Evans Associates v. Illinois Building Authority, 35 Ill. Ct. Cl. 140 (1981)

Oct. 23, 1981 · Illinois Court of Claims · No. 78-CC-0267
35 Ill. Ct. Cl. 140

(No. 78-CC-0267

Evans Associates, a partnership, Claimant, v. Illinois Building Authority, a body corporate and politic of the State of Illinois, and Capital Development Board, an agency of the State of Illinois, Respondents.

Opinion filed October 23, 1981.

Livingston, Barger, Brandt, Slater & Schroeder (William R. Brandt, of counsel), for Claimant.

Tyrone C. Fahner, Attorney General (William E. Webber, Assistant Attorney General, of counsel), for Respondents.

Roe, C.J.

The facts in this case are largely undisputed. The Board of Governors entered into two architectural service contracts with Claimants to provide services in connection with construction of the Governors State University.

The two contracts were identical when assigned to the Respondents. The Illinois Building Authority was responsible for building construction ánd their contract was changed at the time of the assignment by mutual agreement wherein subparagraph 1.3.11 was deleted.

The Board of Governors assigned the oldest contract to the Capital Development Board, which was responsible for the fixtures in the building.

The three agéncies shared in the payment of the architectural fees on a pro rata basis based upon what their share of the contract was with respect to the cost of the project. The Illinois Building Authority’s share was *14183% and the Capital Development Board was responsible for 9%.

The decision of the Court with respect to the Illinois Building Authority and the Claimant will be binding on the Capital Development Board and the Claimant.

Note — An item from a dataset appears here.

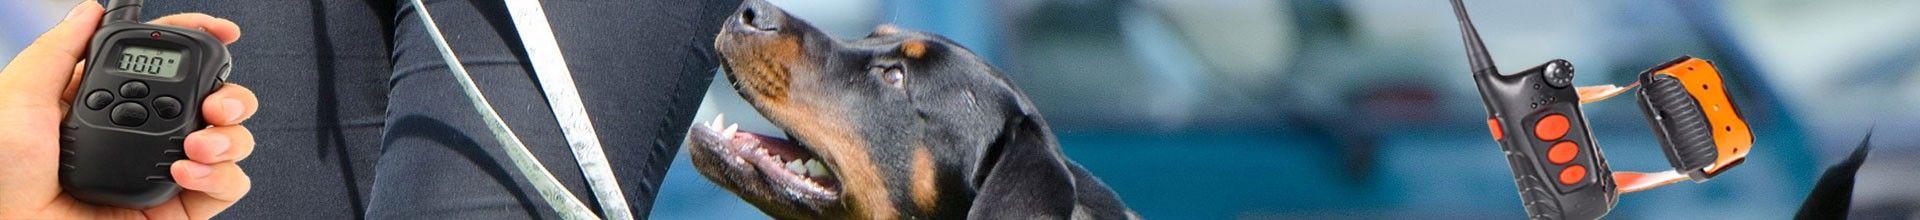 Trainingshalsband voor hondeneducatie.
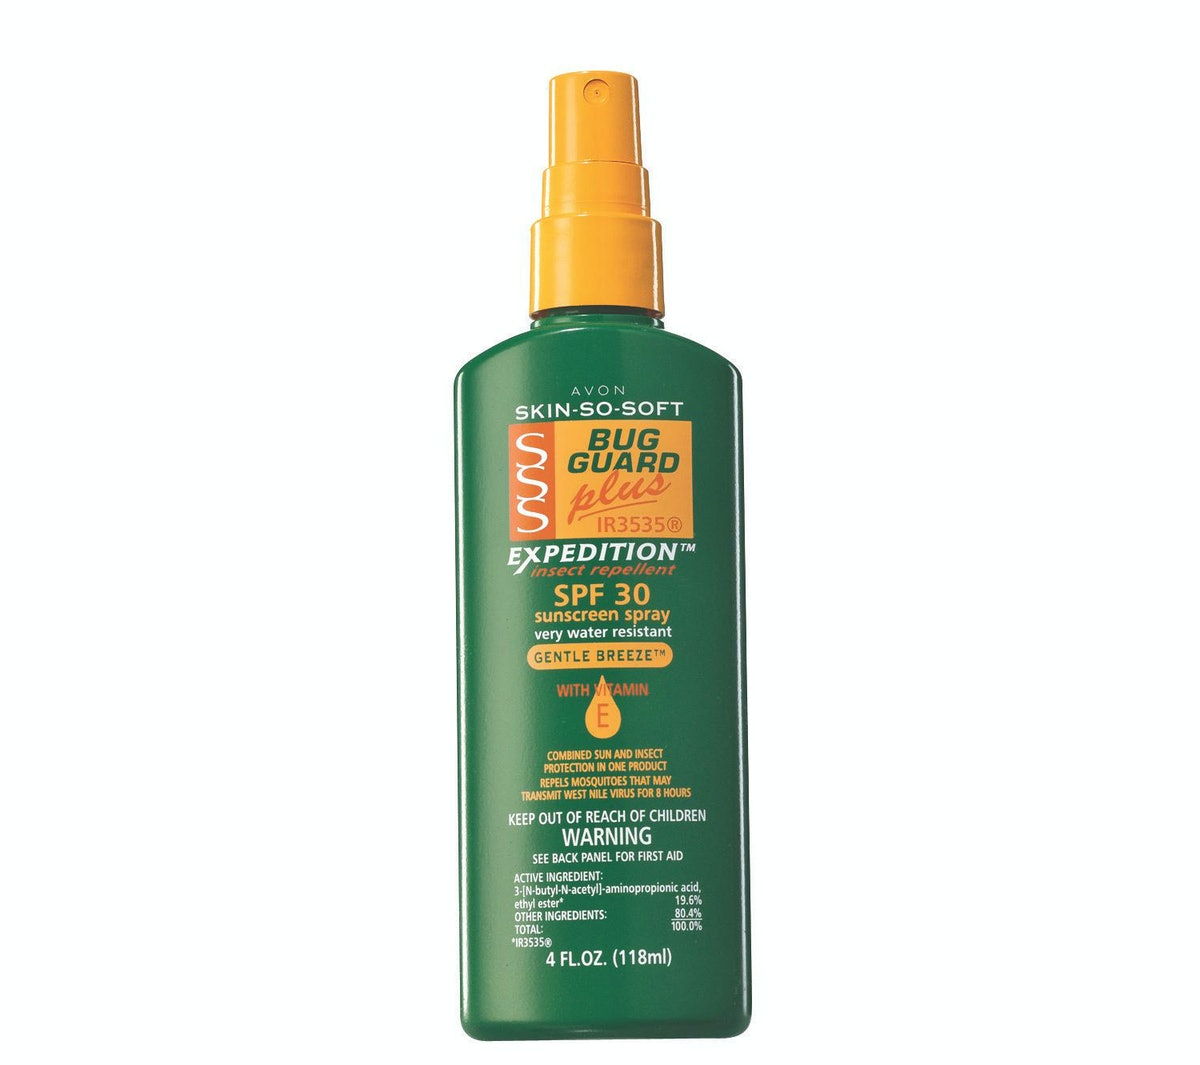 Avon Skin So Soft Sunscreen

The Claimant contends it was to provide basic architectural services through July 11, 1973, and that when the contract extended beyond that point the “basic” services became “additional” services for which they were entitled to additional payment expressly under the contract. Due to the fault of the contractor the project did not move according to schedule. A meeting was held in August 1973 with representatives of all the parties present. New schedules and procedures for completion were discussed but the Respondent did not specifically promise or agree to the payment of additional fees to the Claimant because of the extension of time beyond the completion date. It is the contention that the building was only 70% completed on July 11, 1973, and it can only be assumed that Claimants and suppliers had only received 79% of their fees at that time. It was to the best interest of all of the suppliers of goods and services to proceed with the project.

The contract responsibilities of the Claimant did hot change after the meeting of the parties. (Record 58.) The Claimant continued to service the contract.

The Claimant contends that “time” determines what is a “basic” or “additional” service rather than the “nature” of the service. The Court does not agree with this contention. An examination of the contract specifically says the “time set forth as guidelines and not essential conditions of the contract.”

Based upon this provision there is no specific com*142pletion date. If the July 11, 1973, date was arrived by adding the total number of months in the completion schedule, which is 43, to the contract date to arrive at July 11, 1973, as a completion date, it is not a valid method.

The schedule determines what are basic services and they start with design and proceed through administration of the construction contract.

The subparagraph with respect to “additional services” provides for additional fees made necessary by the default of the contractor or performance of the construction contract and for providing contract administration if construction time exceeds contract time by 20% through no fault of architecture. The provision as to construction time exceeding contract time was deleted in the Illinois Board Authority contract. The deletion was agreed to by the Claimant. The situation could have been specifically covered by a provision in the contract. However, a Claimant witness testified that it was unheard of for construction to exceed the contract by 20%, so apparently the Claimant was willing to assume this risk to secure the contract.

The Court is of the opinion that the contractor in fact defaulted in the performance of the contract, but there is no breakdown or proof as to how this delay added to the cost of providing basic services by the Claimant or that the default added to the architectural costs.

The contractural relationship of the parties can be determined by the written contract so there is no necessity to imply a contract. The Claimant’s claim is therefore denied.